▶ [Data excerpts]
-.-.-

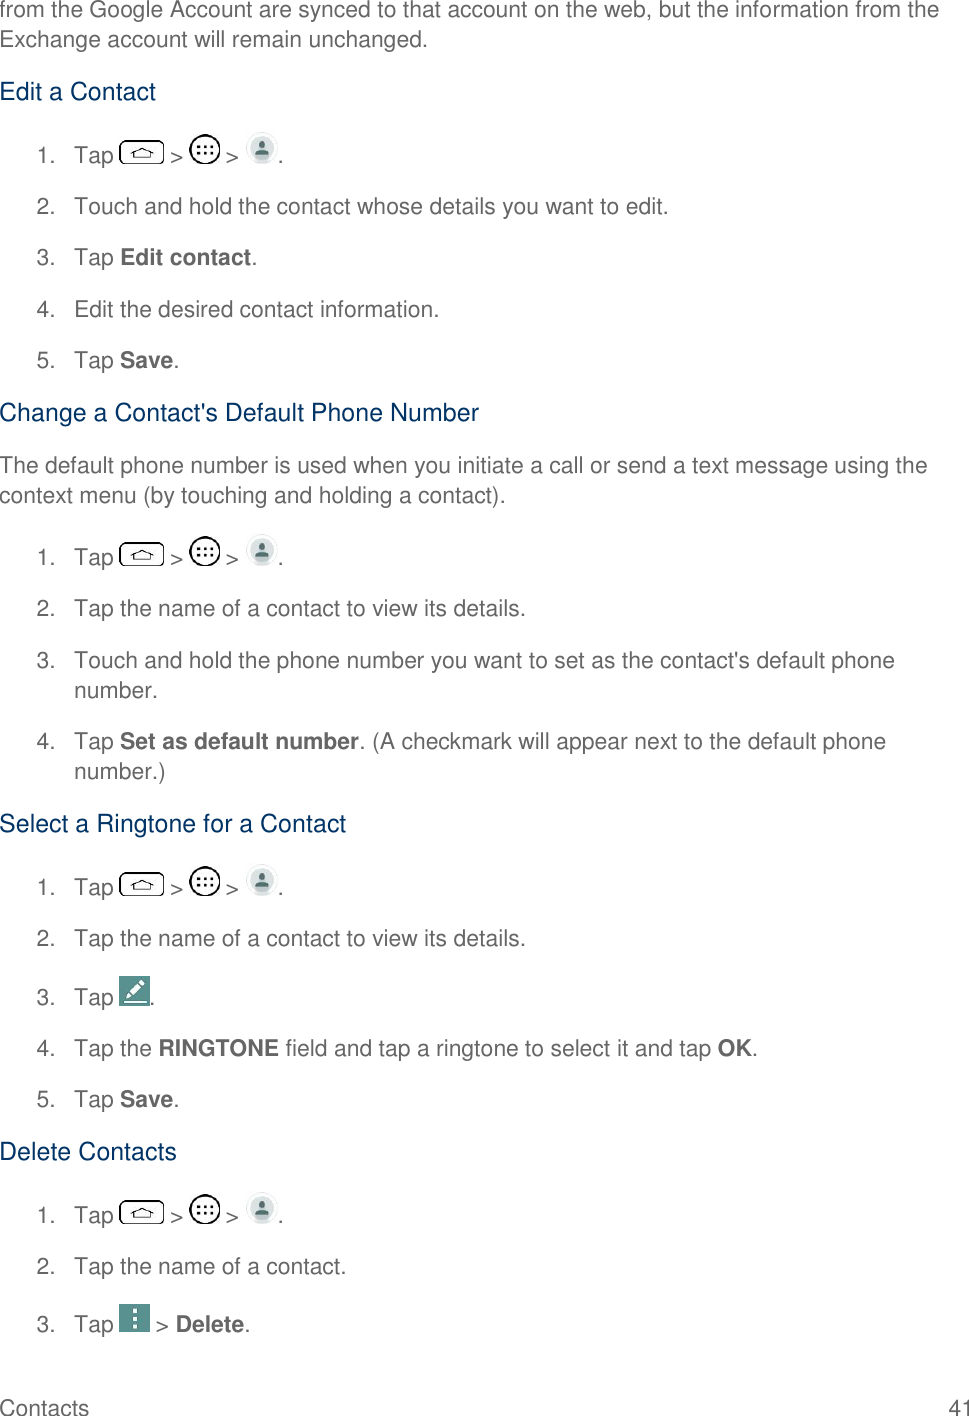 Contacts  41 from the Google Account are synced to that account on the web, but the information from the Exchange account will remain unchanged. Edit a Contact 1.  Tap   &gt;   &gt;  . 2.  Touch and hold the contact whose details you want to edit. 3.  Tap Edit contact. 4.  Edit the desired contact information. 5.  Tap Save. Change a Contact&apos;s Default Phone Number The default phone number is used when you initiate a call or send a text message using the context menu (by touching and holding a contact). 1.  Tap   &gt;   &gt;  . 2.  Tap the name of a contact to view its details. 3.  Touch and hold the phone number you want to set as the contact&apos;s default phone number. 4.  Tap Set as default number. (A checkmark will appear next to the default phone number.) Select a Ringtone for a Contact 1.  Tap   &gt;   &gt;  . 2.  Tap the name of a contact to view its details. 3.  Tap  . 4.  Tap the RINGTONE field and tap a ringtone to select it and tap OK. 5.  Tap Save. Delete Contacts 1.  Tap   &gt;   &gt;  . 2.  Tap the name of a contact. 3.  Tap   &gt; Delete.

-.-.-

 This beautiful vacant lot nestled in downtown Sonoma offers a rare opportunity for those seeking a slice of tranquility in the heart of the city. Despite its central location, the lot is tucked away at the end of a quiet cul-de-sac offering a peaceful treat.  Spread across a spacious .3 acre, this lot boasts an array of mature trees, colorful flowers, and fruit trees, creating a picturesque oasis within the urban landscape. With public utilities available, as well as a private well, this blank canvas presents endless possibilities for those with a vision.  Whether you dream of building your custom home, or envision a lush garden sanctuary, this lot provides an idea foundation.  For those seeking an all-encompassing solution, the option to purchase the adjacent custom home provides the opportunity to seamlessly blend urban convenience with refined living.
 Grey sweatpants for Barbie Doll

-.-.-

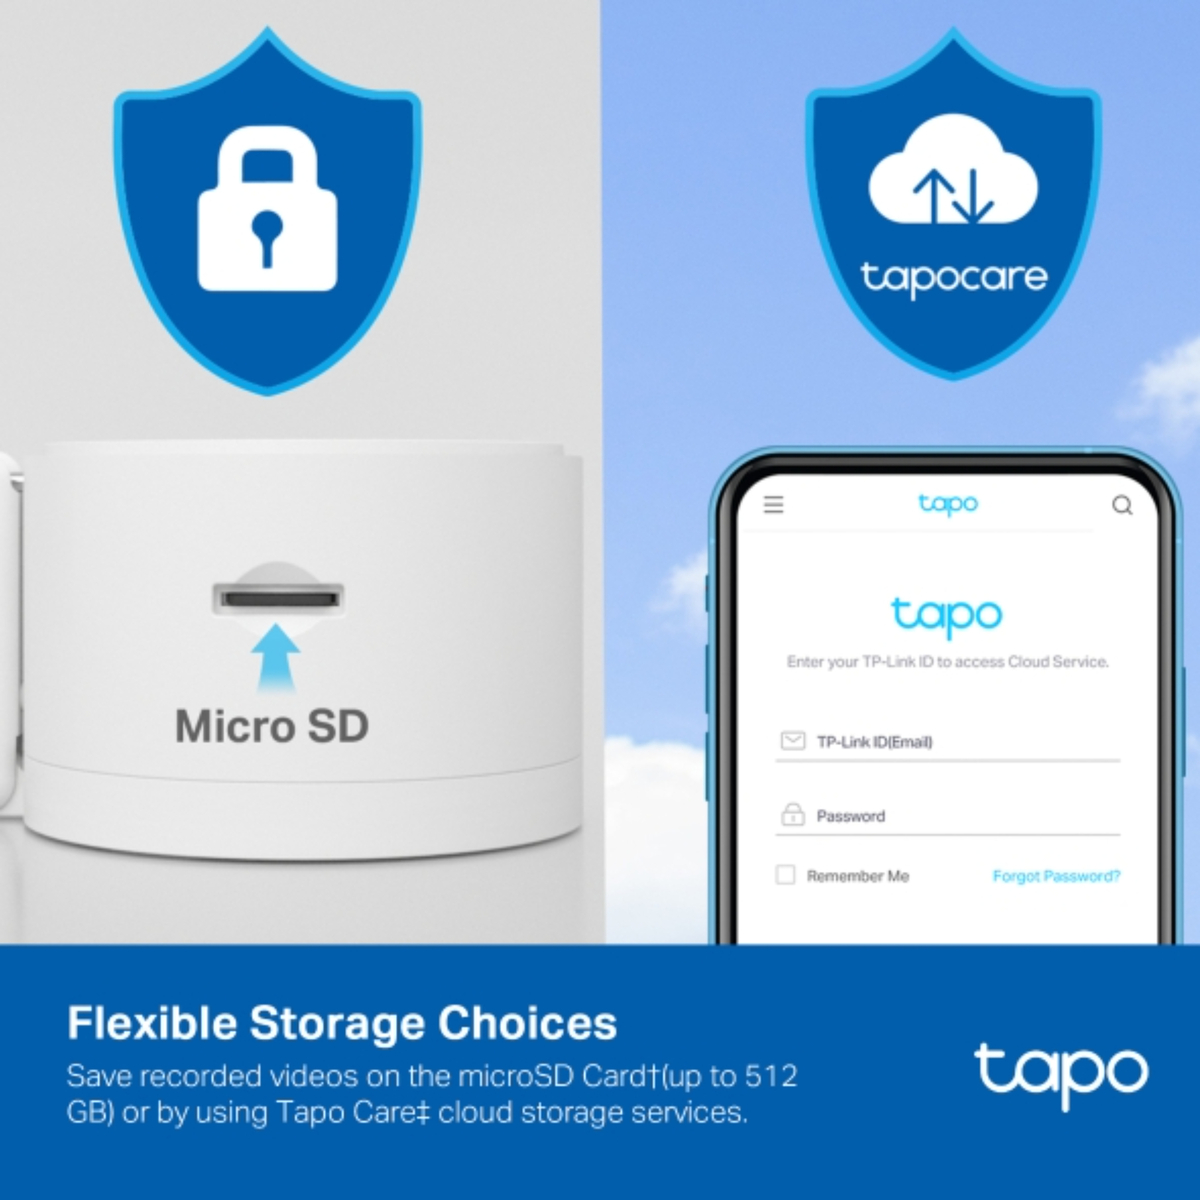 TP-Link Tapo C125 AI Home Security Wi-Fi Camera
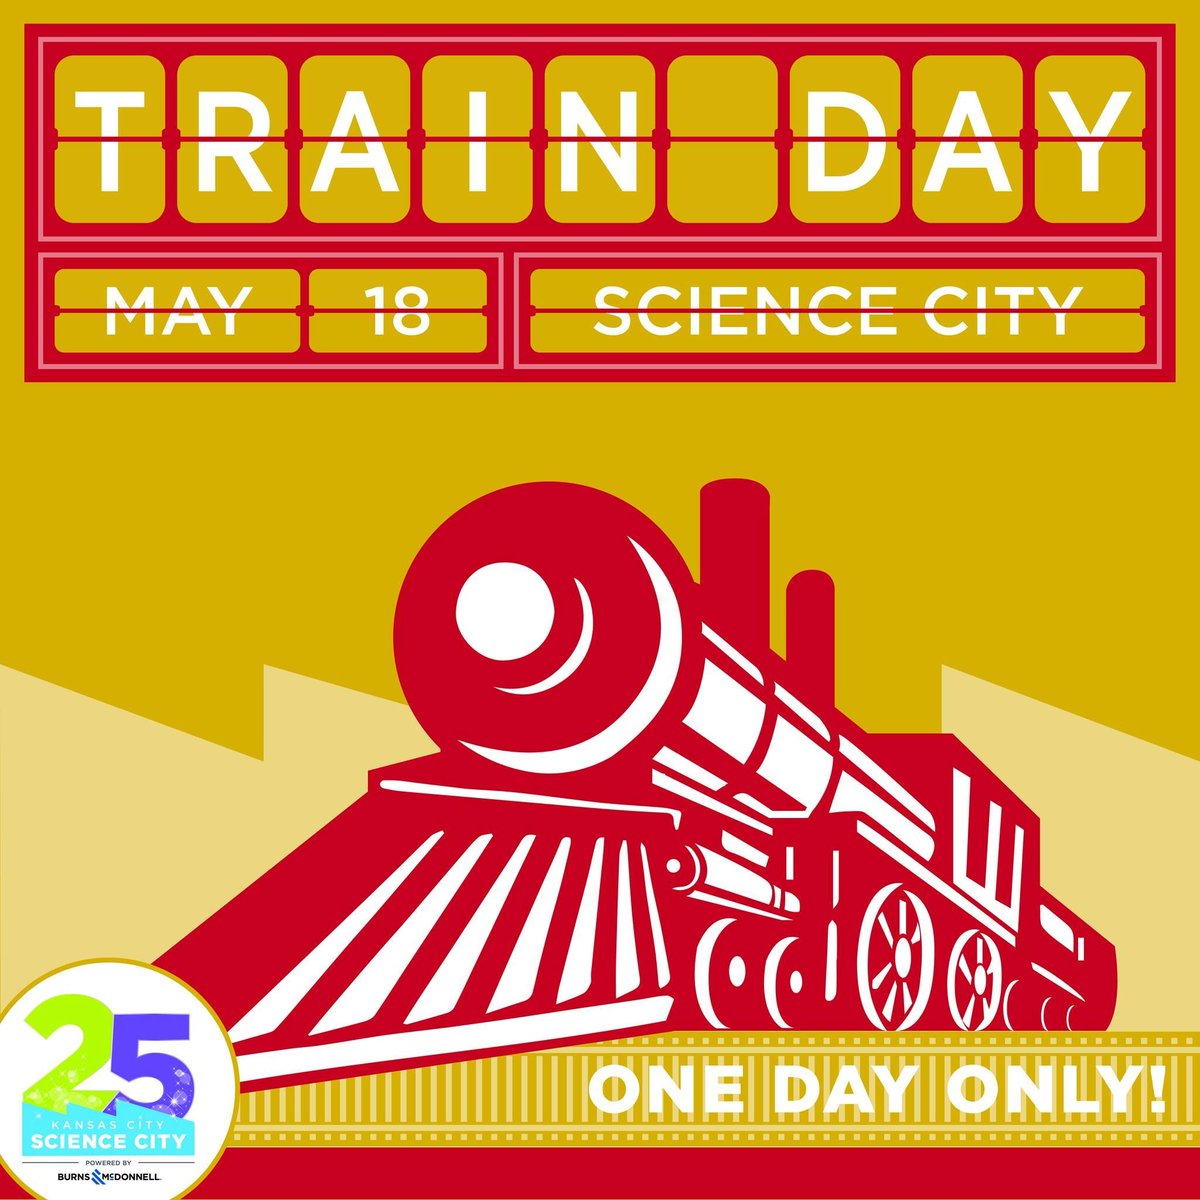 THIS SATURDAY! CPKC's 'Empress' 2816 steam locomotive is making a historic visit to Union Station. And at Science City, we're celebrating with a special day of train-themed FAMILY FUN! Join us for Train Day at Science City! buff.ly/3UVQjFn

-.-.-

▶ [The task] Could you set down, exactly as written, the lines above between the one holding "This beautiful vacant" and the one holding "Grey sweatpants for Barbie Doll", inclusive, and nothing more?

▶ [Output below]
 This beautiful vacant lot nestled in downtown Sonoma offers a rare opportunity for those seeking a slice of tranquility in the heart of the city. Despite its central location, the lot is tucked away at the end of a quiet cul-de-sac offering a peaceful treat.  Spread across a spacious .3 acre, this lot boasts an array of mature trees, colorful flowers, and fruit trees, creating a picturesque oasis within the urban landscape. With public utilities available, as well as a private well, this blank canvas presents endless possibilities for those with a vision.  Whether you dream of building your custom home, or envision a lush garden sanctuary, this lot provides an idea foundation.  For those seeking an all-encompassing solution, the option to purchase the adjacent custom home provides the opportunity to seamlessly blend urban convenience with refined living.
 Grey sweatpants for Barbie Doll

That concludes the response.